The royal wedding was sugar-coated propaganda designed to prop up the ruling class at the expense of the masses, writes John Passant.

OK, put your hands up if you watched it. Go on, don’t be shy. Let the world know.

Now, to be fair, the game itself wasn’t as bad as I feared. As a long-time Collingwood supporter, I thought they played well. And I switched over to the rugby league, my first love, to watch Manly against the Storm when it came on.

Oh, did you think I meant the wedding of Harry and Meghan? It just shows how dominant their wedding has been in the media in Australia that I only had to refer to it as an "it" and many of you assumed their wedding was what I meant.

Yet most Australians were uninterested in the event.

Here’s what an ABC Radio News straw poll found:

Will this weekend's Royal Wedding take the TV crown as the most popular ever?

what... there's another Royal Wedding?






hard to top Charles and Diana's union in 1981



However, it is consistent with results of a YouGov poll which showed that two-thirds of Britons were not interested in the royal wedding.  On this basis I think we can safely assume the figure in Australia is higher.

Yet other than Channel 10, all the major free to air TV stations in Australia, including the publicly funded SBS and "our" ABC, covered the wedding. They abandoned the restrained toadyism they normally reserve for our conservative politicians. Instead they unleashed unrestrained fawning in great gushes of garbage and titanic tales of tittle tattle. Why did the media indulge in this orgy of oligarchical onanism and why do some of us, including workers, seemingly love it?

Australia is far removed from the UK geographically.
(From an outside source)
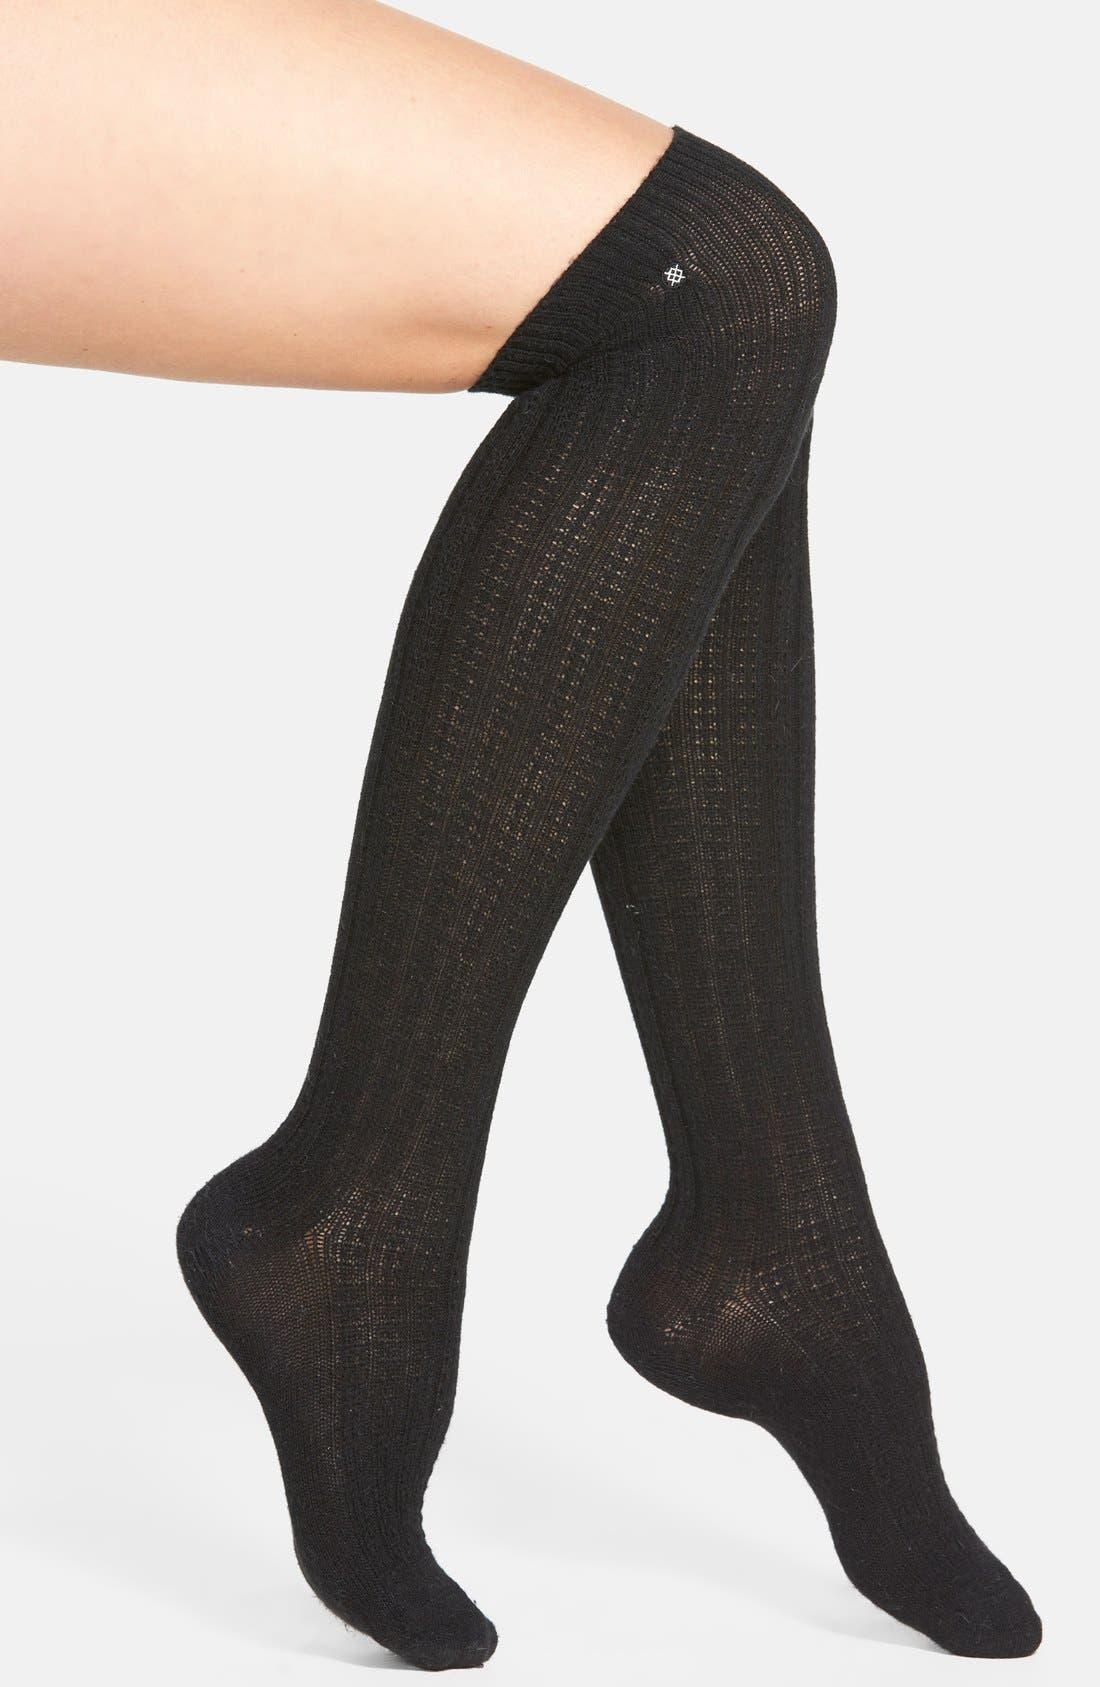 Alternate Image 1 Selected - Stance 'SoHo' Over the Knee Socks

Ah, but it was the British who set up the police state here in 1788. That police state was established and grew on the back of the genocide of Aboriginal and Torres Strait Islander peoples into a thriving capitalist system by the mid-1800s, bolstered by gold, wool and wheat, all dependent on stealing land to begin.

Like many colonial settler states, the Australian ruling class owed its existence and survival to the British ruling class — and, of course, to the workers in Australia producing the profits they lived on. It is one of the reasons why the vast majority of that class for about 160 years of its existence regarded itself as British.

This began to change with the decline of the British Empire and the rise of a new dominant imperialist power after World War II, the United States. Australia saw its imperialist interests best defended by closer ties with America. On top of this, over time, Britain turned to Europe and Australia turned to free trade.

This made ties for our ruling class with the UK less and less a priority. However, as Marx argues, ‘the tradition of all dead generations weighs like a nightmare on the brains of the living’. Our Constitutional and Parliamentary institutions reflect that nightmare, where the past is the present, but is divorced from the lived reality for most workers and bosses in Australia.

In the UK, royalty is a key institution of capitalism. It inspires millions there because they can escape from the reality of their alienation — at least momentarily. It inspires millions to imagine themselves as Meghan or Harry. The reality however remains. So it was that homeless people were removed from the streets of Windsor to ensure they did not upset "the optics".

As the UK disappeared as a protector of Australia’s own imperialist interests, new homegrown symbols of the glue that binds arose. Australia Day became a rabid nationalist celebration, ignoring and attempting to hide the reality of our brutal history of genocide.  

ANZAC Day became another key element in the celebration of Australian nationalism. It hides the reality of war and prepares the next generation to fight for Australian capitalism.  Like royalty in the UK, all this jingoistic propaganda is aimed at hiding capitalist reality — the reality of poverty, exploitation, inequality, war and inadequate public services.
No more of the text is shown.